(PROVIDED MATERIAL)

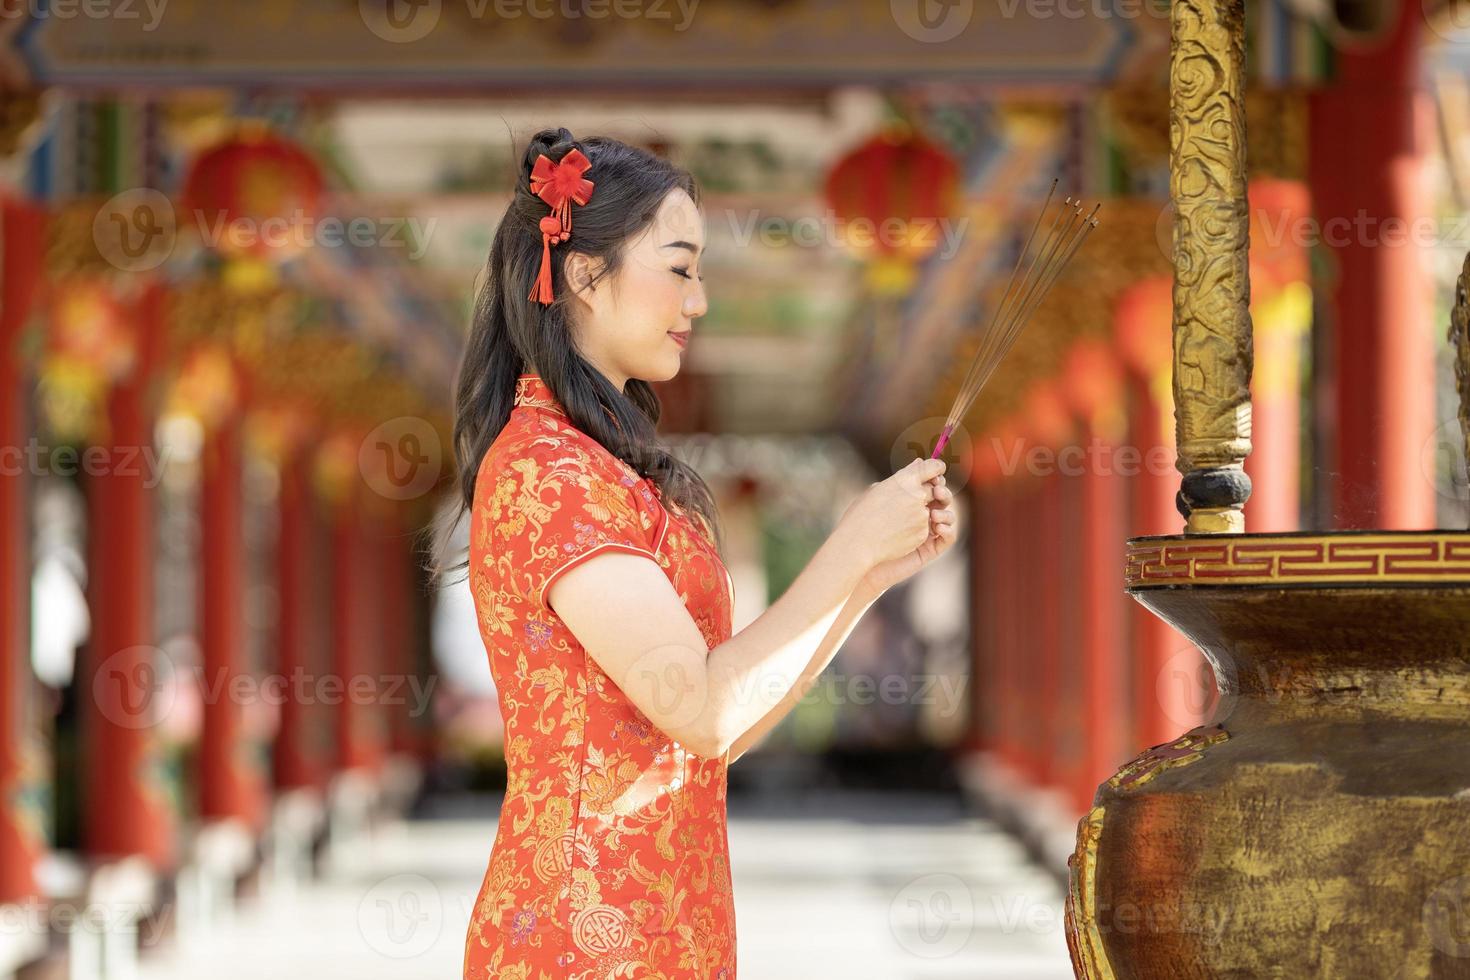 asiatico donna nel rosso cheongsam qipao vestito è offerta incenso per il ancestrale Dio dentro Cinese buddista tempio durante lunare nuovo anno per per migliore desiderio benedizione e bene fortuna concetto foto
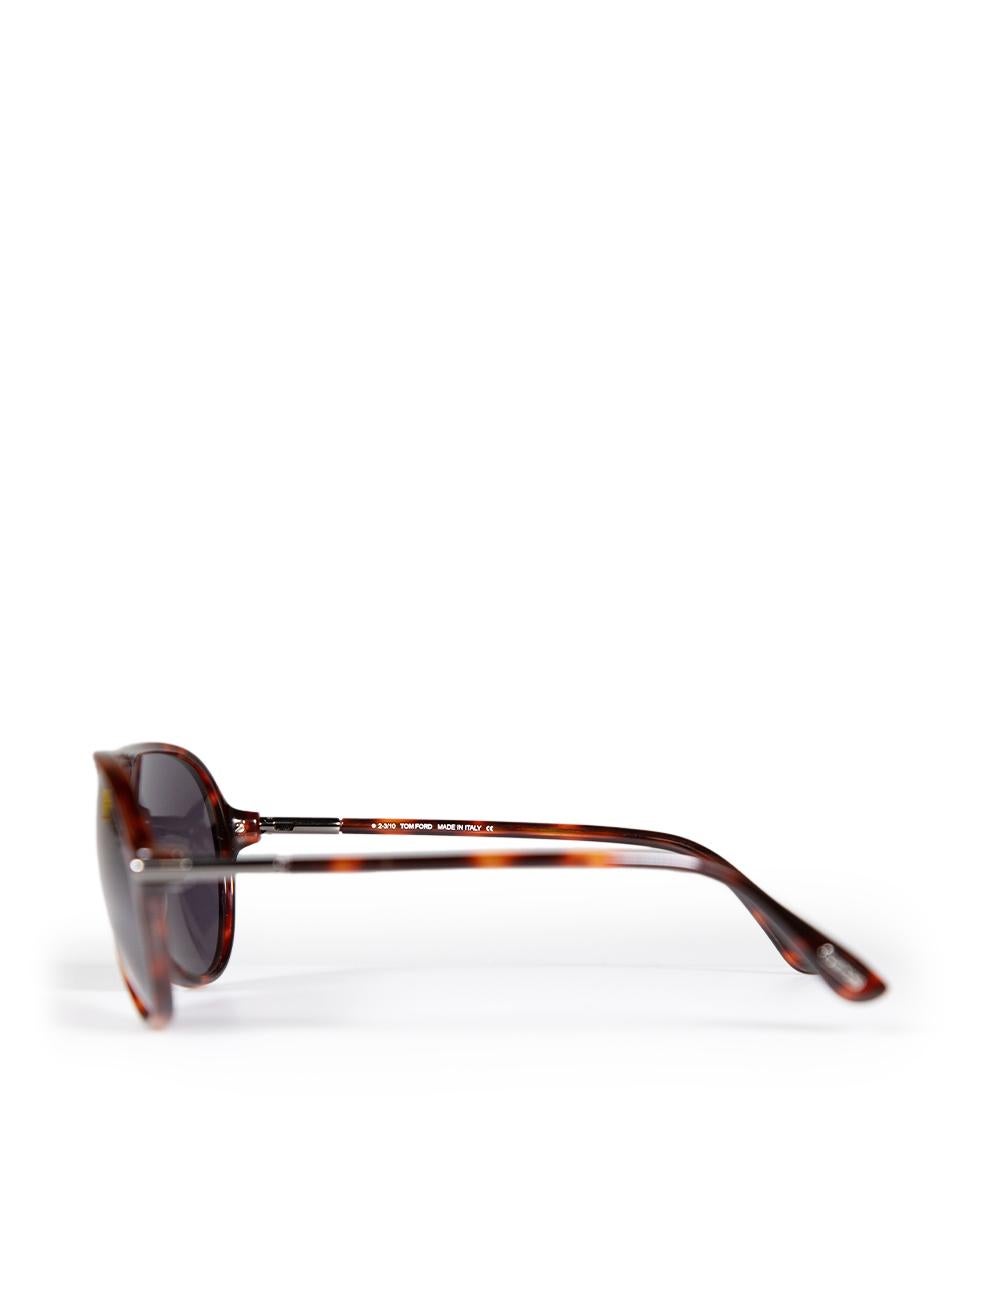 Tom Ford Red Havana Tortoiseshell Leopold Sunglasses For Sale 1
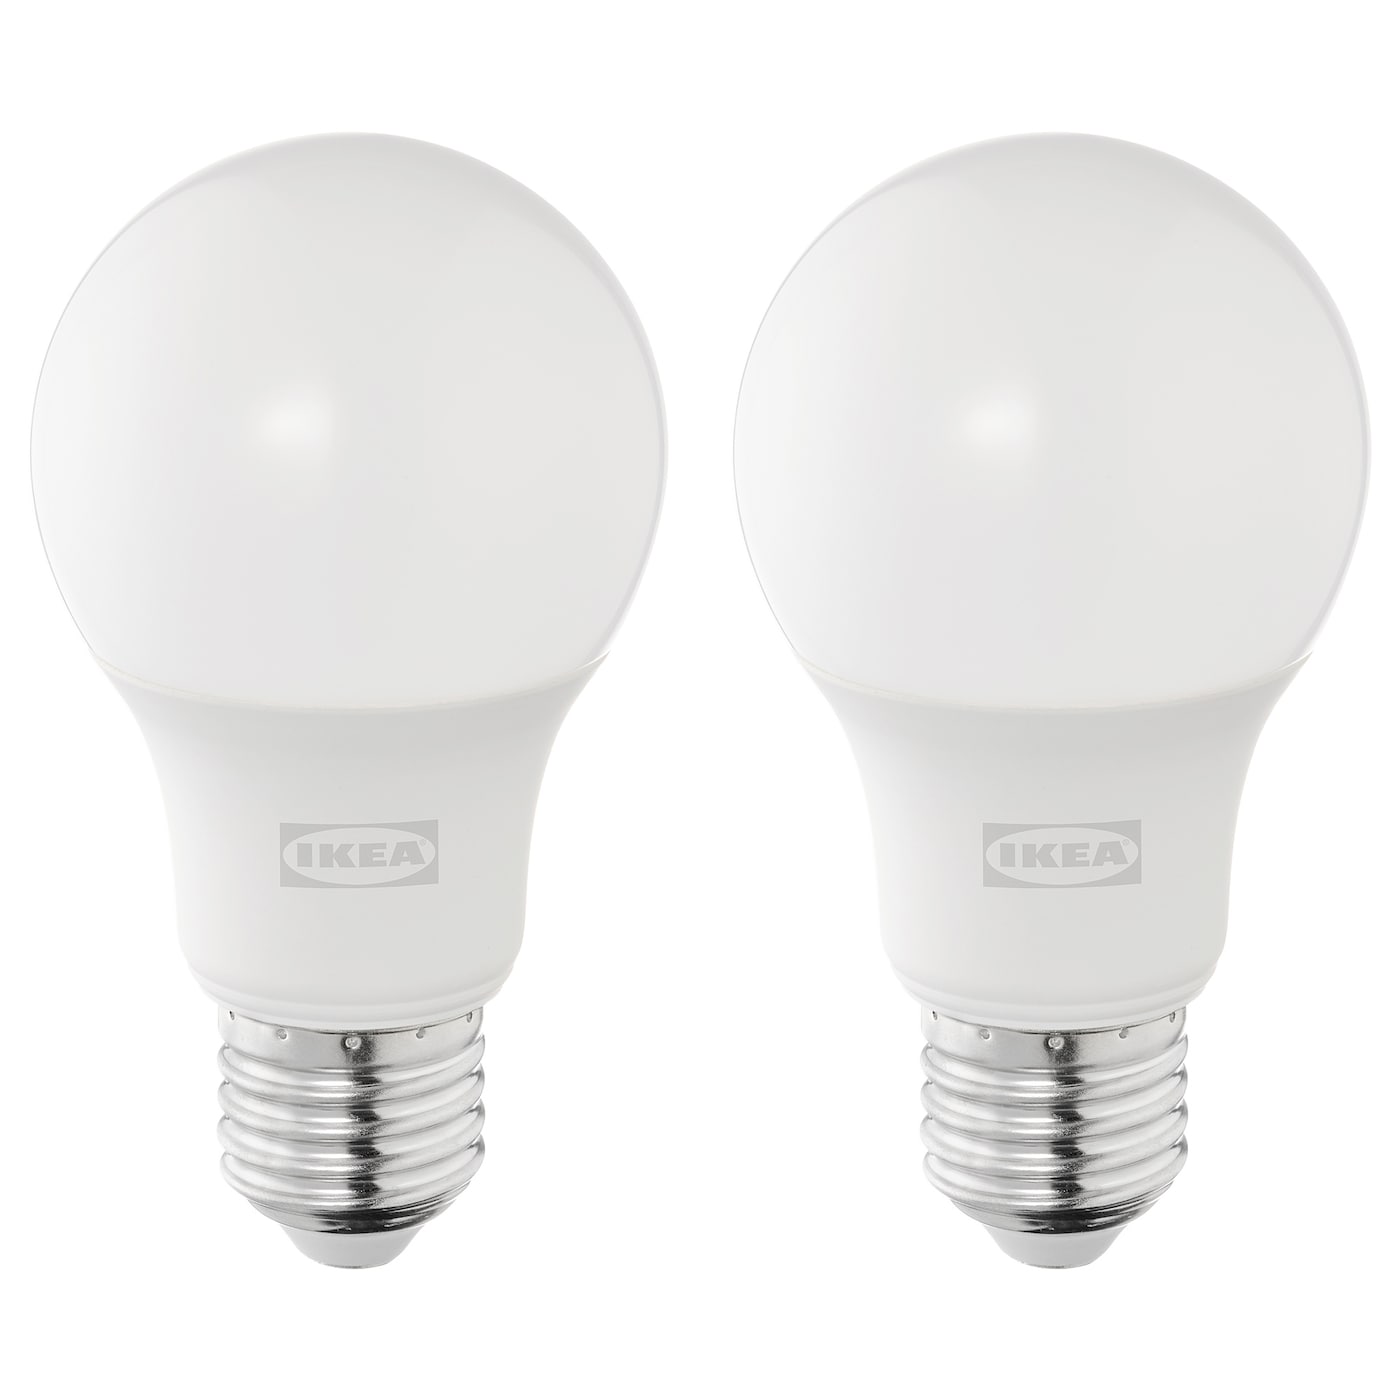 Светодиодная лампа - SOLHETTA IKEA/ СОЛХЕТТА ИКЕА, 60 мм,  белый

(End PROVIDED MATERIAL)

Leave out the images and copy all remaining data word for word.

# ANSWER FOR THIS EXERCISE:
 asiatico donna nel rosso cheongsam qipao vestito è offerta incenso per il ancestrale Dio dentro Cinese buddista tempio durante lunare nuovo anno per per migliore desiderio benedizione e bene fortuna concetto foto
 Tom Ford Red Havana Tortoiseshell Leopold Sunglasses For Sale 1
 Светодиодная лампа - SOLHETTA IKEA/ СОЛХЕТТА ИКЕА, 60 мм,  белый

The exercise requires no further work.